Japanese Patent No. 2633026

  In such a tunnel construction method, when the frame width has a variable cross section, the distance between adjacent tunnels (connection width) is gradually expanded and reduced to a distance equivalent to one shield machine. In such a state, the shield machine is inserted in the meantime or the shield machine that was in the meantime is escaped so as to correspond to the cross section.

  However, in such a tunnel construction method, an enlargement / reduction width is secured between adjacent tunnels, and then the shield tunneling machine is inserted / extracted between the tunnels to cope with the enlargement / reduction change section.
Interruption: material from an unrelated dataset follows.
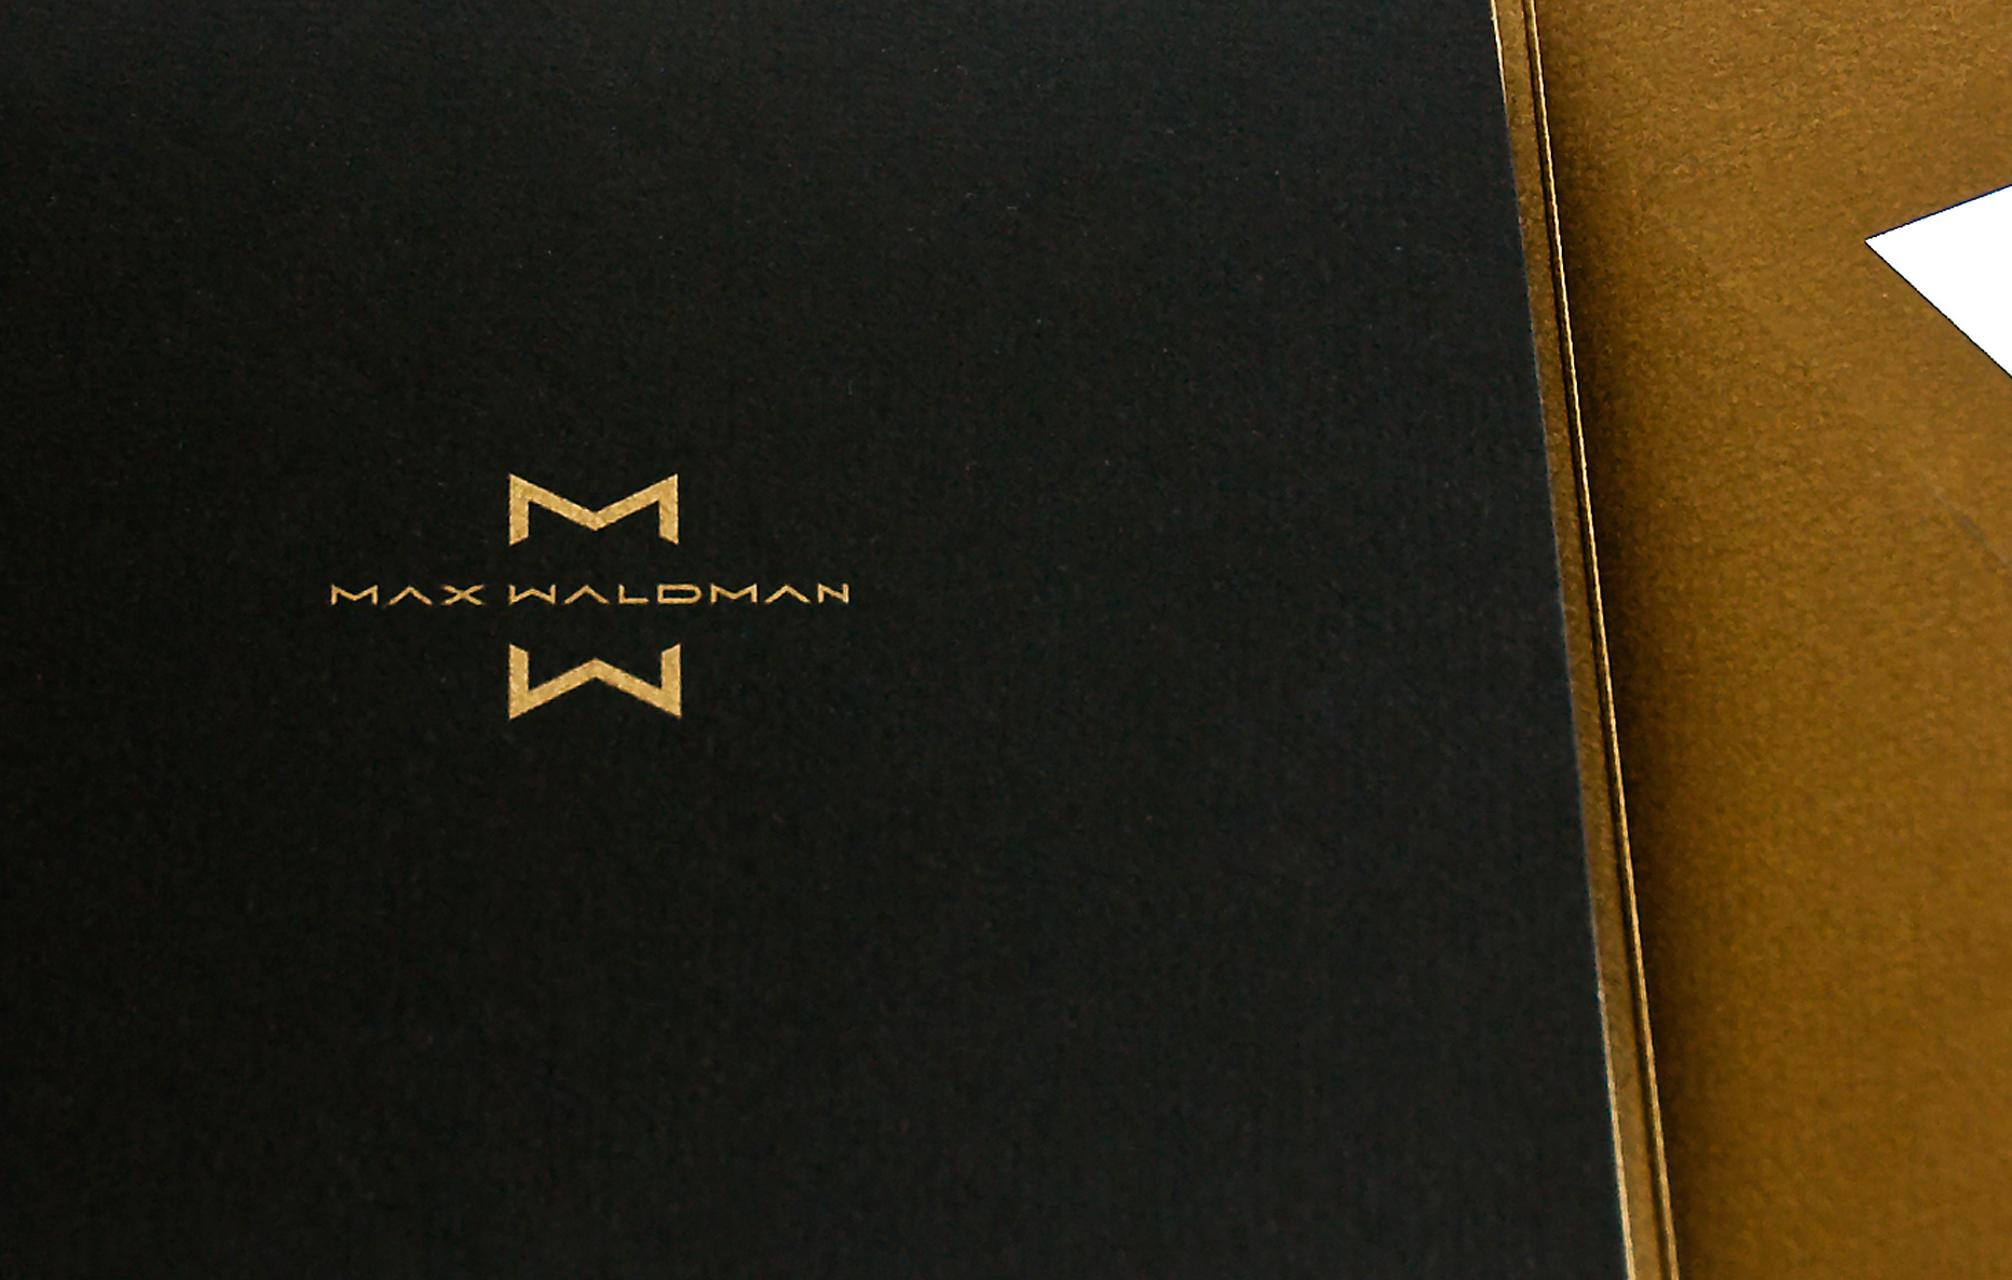 MAX WALDMAN / bar mitzvah logo, invite & event design /  studio credit :St. Bernadine Mission Communications Inc.
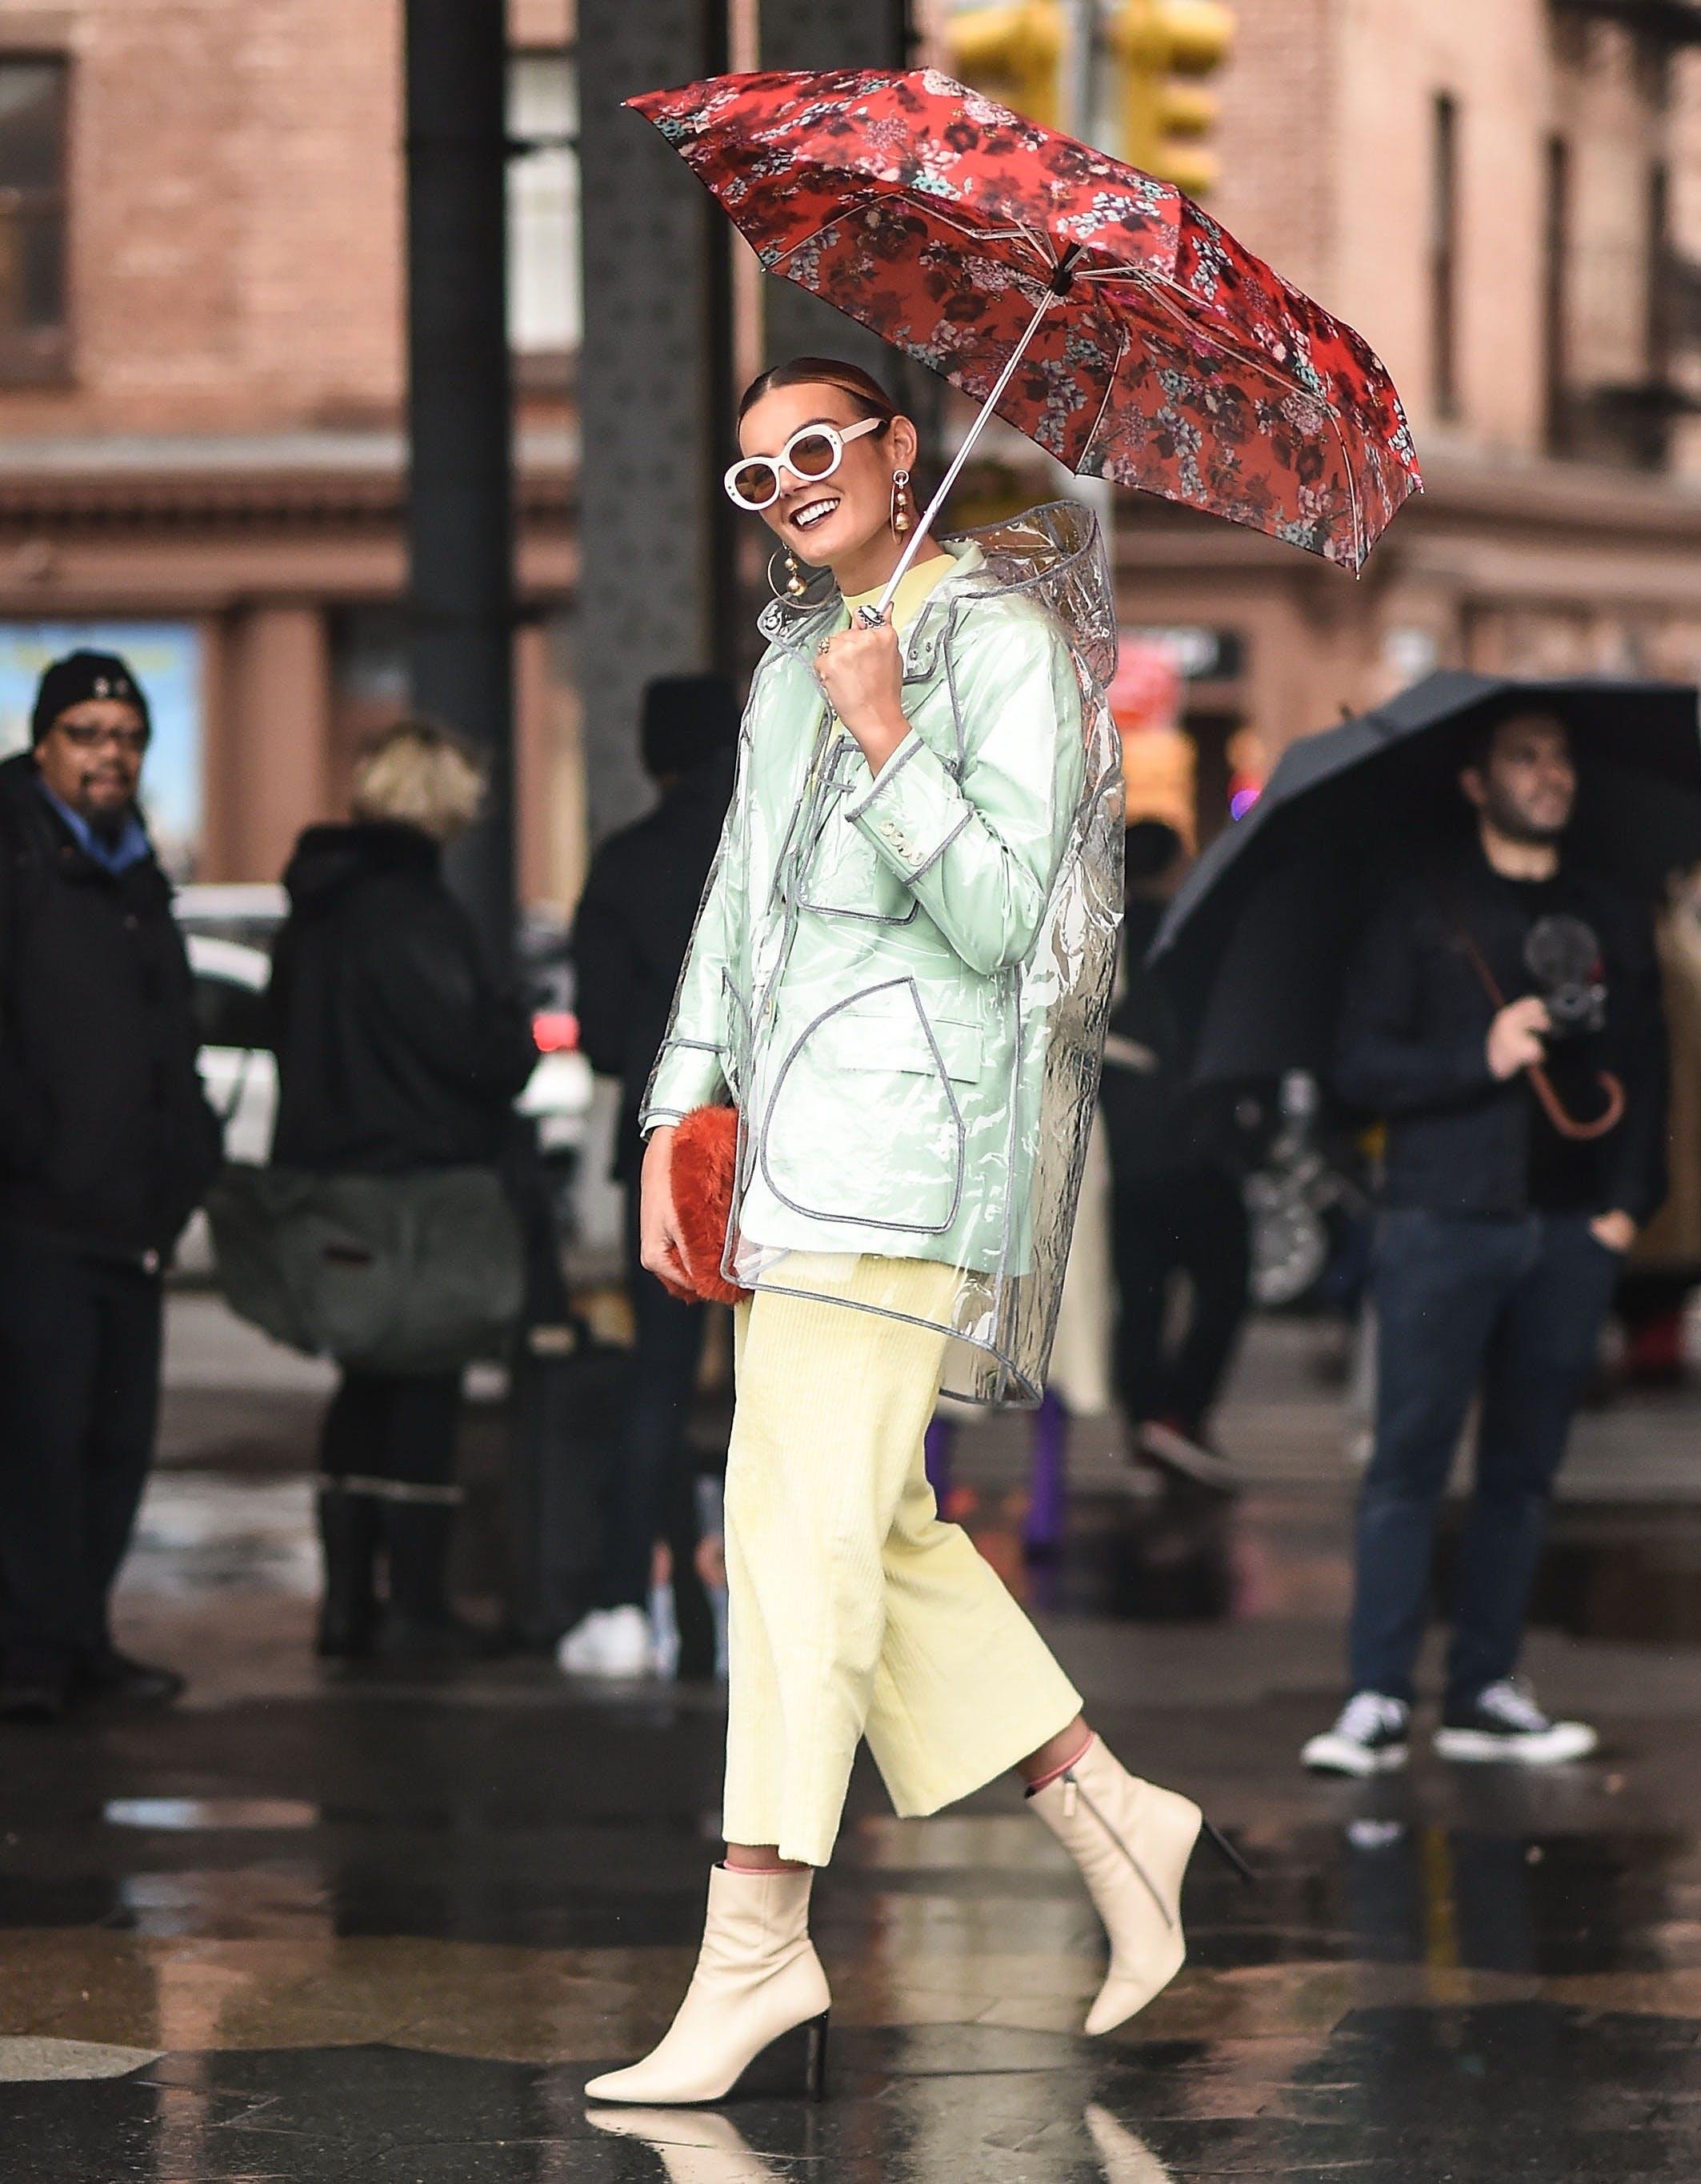 woman wearing fun rain gear

The maximum connection width between them is larger than that of one shield machine, the connection work between adjacent tunnels becomes heavy, and it is difficult to improve the safety of construction.

  An object of the present invention is to provide a tunnel construction method that can shorten the connection width between adjacent tunnels at the time of enlargement / reduction cross-section construction, simplify connection work, and improve the safety of construction.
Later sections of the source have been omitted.